Flashing means irritation to the skin. It could be from parasites, off water parameters or a skin infection. Are there any physical injuries like scratches, split fins, lumps or bumps on the fish? Could you upload a few pics of the fish that are flashing?

The first thing I would do is a 50% water change. When it comes to fish, when it doubt do a water change. If the ammonia or nitrites are high then the water change will help, and it won't hurt even if the parameters are stable.

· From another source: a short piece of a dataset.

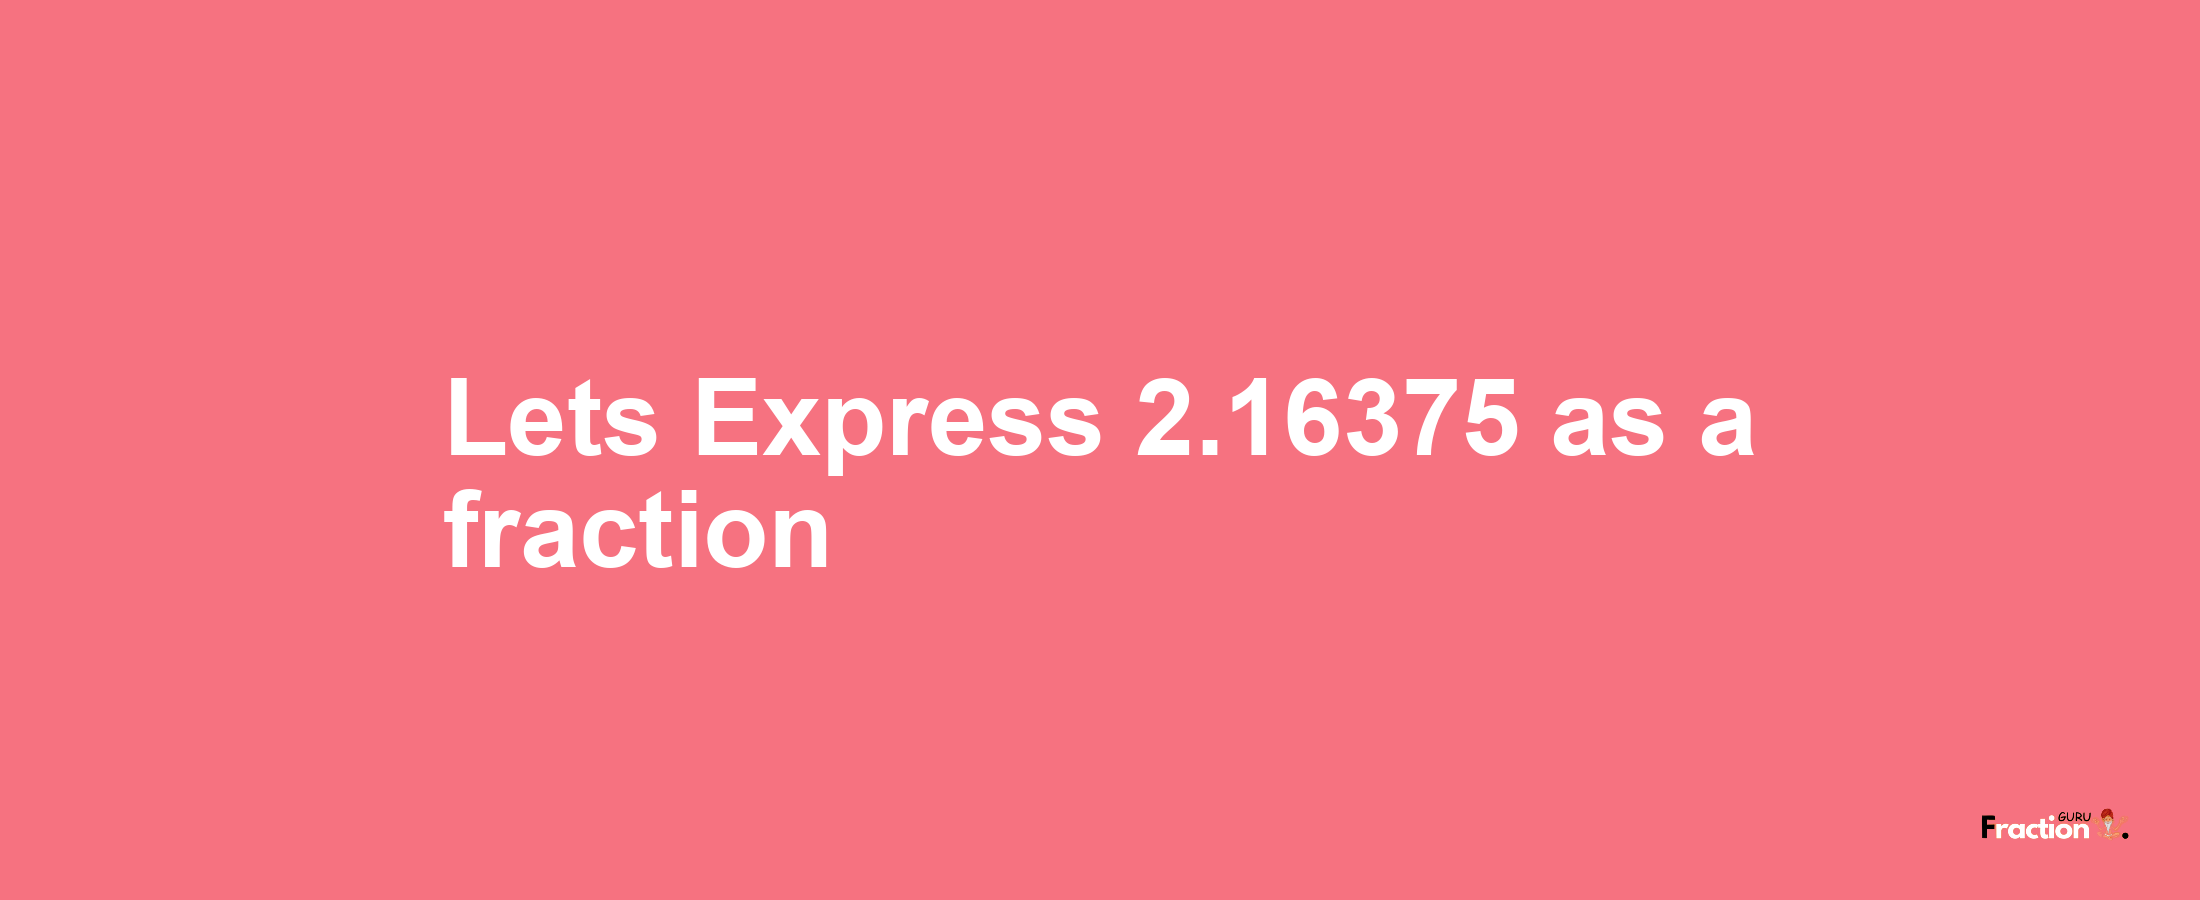 Lets Express 2.16375 as afraction

How old is the tank and what size is it? What temp do you keep it at? Other than the fish you listed, are there any others?

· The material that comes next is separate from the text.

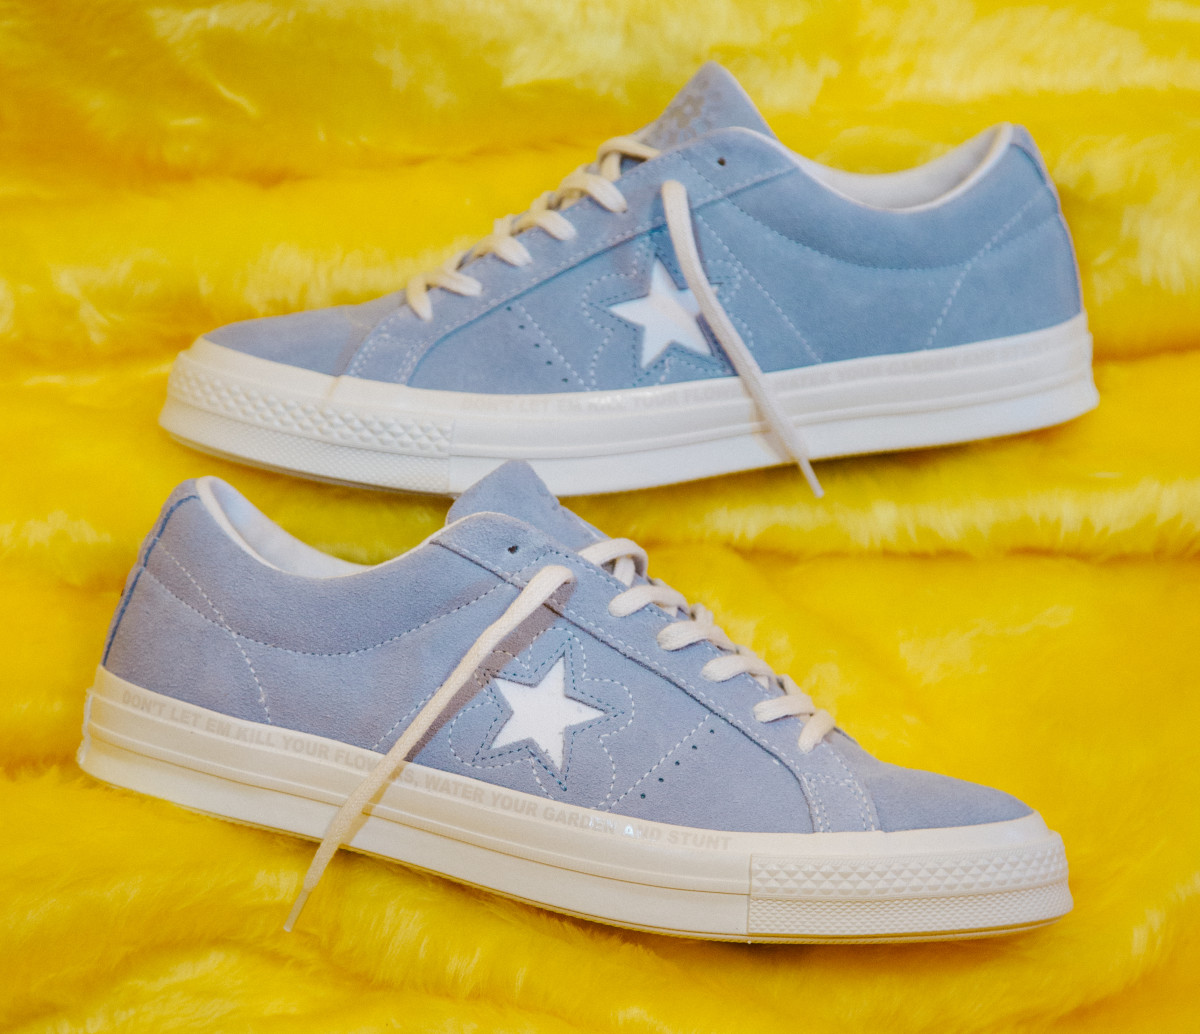 tyler the creator shoes one star
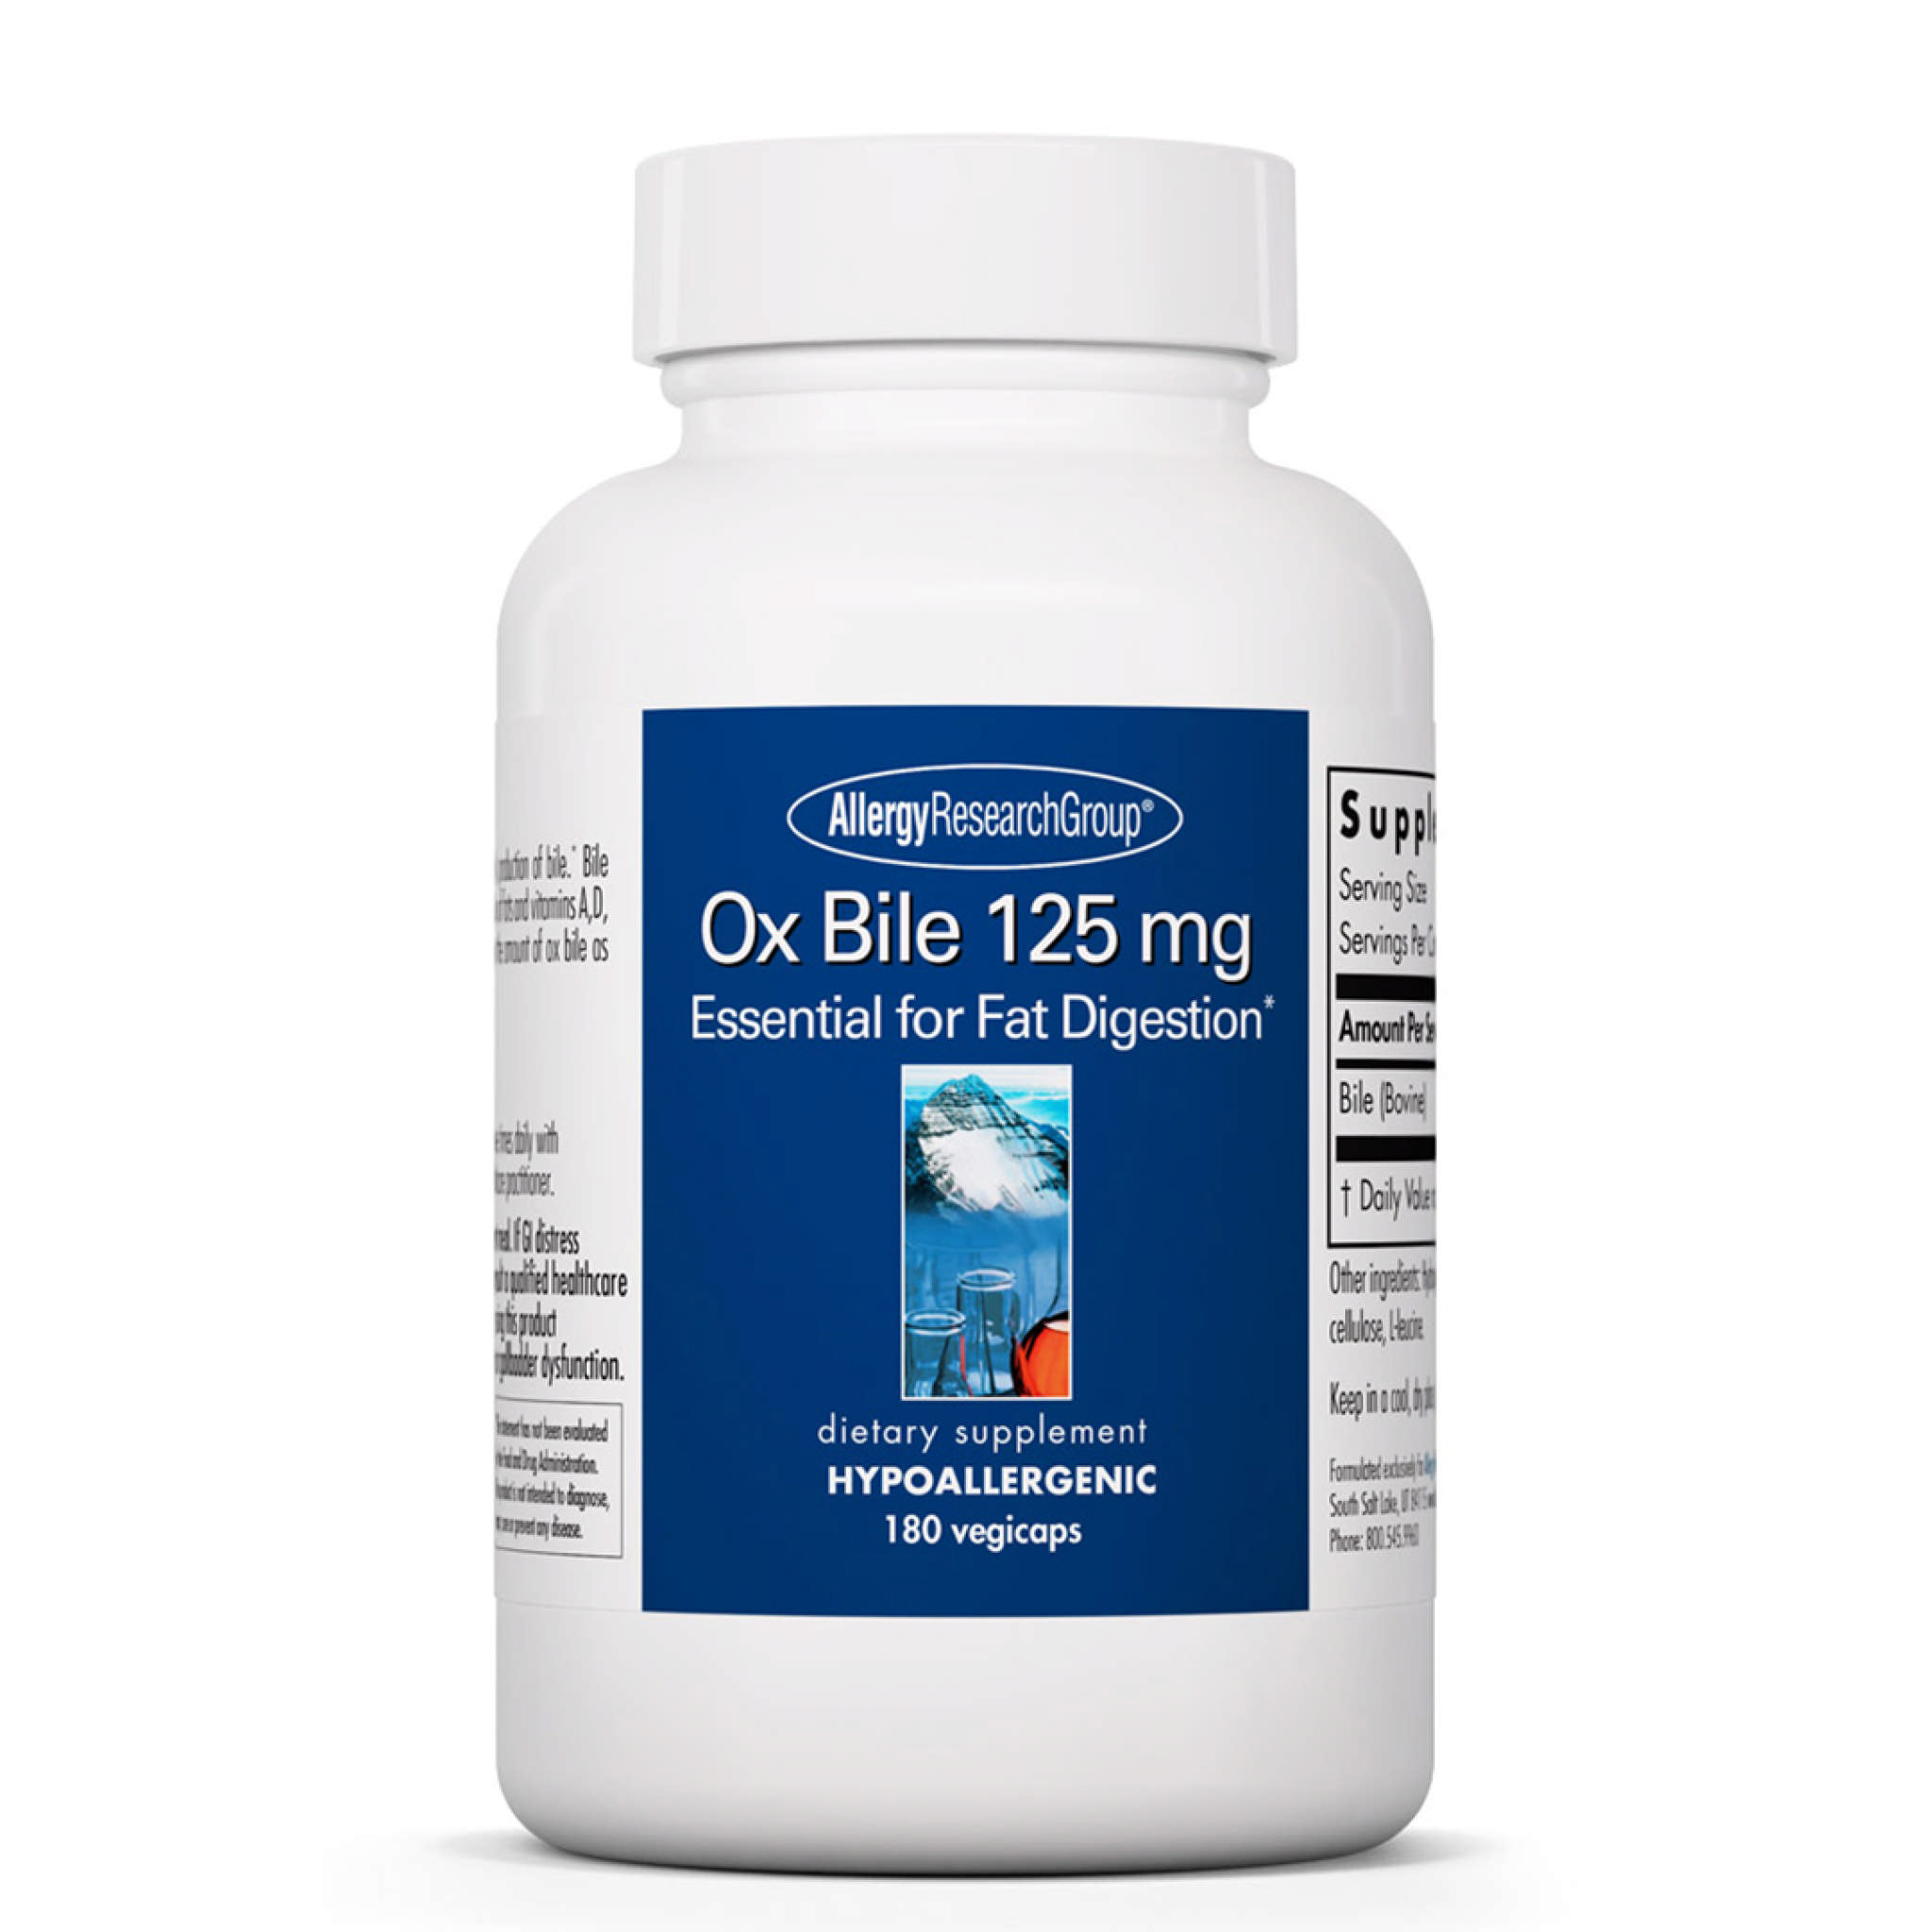 Allergy Research Group - Ox Bile 125 mg

I know it's a lot of questions but the more we know the better we can help
 
Hi, and thanks for replying, I doubt it's parasites, the Pygmy cories did carry parasites and it spread to the other fish in the old tank, however that issue was completely wiped out, as I killed what was most likely a Gill fluke outbreak, the tank is 10 gallons and has been set up for about a week, the filter Cartriages and driftwood already contain an established colony of denitrifying bacteria. The relative temp is 78-80 degrees and the fish are two veil tail Bettas (female) peppered corydoras (temporary) a juvenile male and female bristle nose pleco (temporary) 3 neon tetras, one cardinal tetra, and two Pygmy cories, plants are: crypt parava, Amazon swords and Argentine swords, the b I siphon the sand bed daily as of now, and their is no hydrogen sulfide build up in the substrate, the tank has no foul odor Nor is the water cloudy either, what is strange is my other female Betta does not flash, neither my pelcos
 
the tank is 10 gallons and has been set up for about a week,

The proper way to set up an aquarium is to put water and ammonia in it to get the ammonia and nitrite consuming banter growing. It normally take 2 to 4 weeks for this to happen. Only Then do you add fish. Please read the following.:http://www.fishforums.net/threads/cycling-your-new-fresh-water-tank-read-this-first.421488/

You claim the filter has an established colony of bacteria. However without a test kit for ammonia and nitrate there is no way to know if you have a colony of bacteria. Do a daily water change of at least 50%. And get a text kit as soon as possible. Only when you can confirm that you have no ammonia and nitrite can you stop doing daily water changes. However continue testing the water daily for ammonia and nitrite. If the levels come back do an immediate water change. Ammonia and nitrite should both read zero. Anything above her means your tank is not cycled.
http://www.fishforums.net/threads/cycling-your-new-fresh-water-tank-read-this-first.421488/
 
Well yes my filter already had a pre established colony, from the last tank,
I did test it and my cycle was compete , I simply moved the filter to a new tank. Does it have to be recycled? The filter, filters is 5-10 gallons
 
I simply moved the filter to a new tank. Does it have to be recycled? The filter, filters is 5-10 gallons

Not only is it an issue of if there are bacteria in the filter. Do you know if there are enough bacteria in the filter. Ntirogen consumming bacteria don't just live in the filter. They live everywhere in the tank. And if conditions are not quite right most will live outside the filter. So sometimes it may be necessary to recycle a tank even if the filter is established. If that is the case then sometimes the new tank will cycle very quickly. The only way to know is to test the water for ammonia and nitrite.
 
Actually, I think I new what was causing the flashing in the tetras, they came down with neon tetra disease, I looked it up online and many had white tattered areas on there fins and slight discoloration. I euthanized the tetras, in a clove oil solution this morning, as for the other fish flashing I'm sure it's a water perameter issue. It's says neon tetra disease is spreadable to other fish though.. I'm really confused at this point
 
I have been feeding live foods lately so maybe it was a carrier for the disease
 
The flashing occurring by all the fish, or more than just one neon tetra, signals that whatever is causing it, all the fish are being affected.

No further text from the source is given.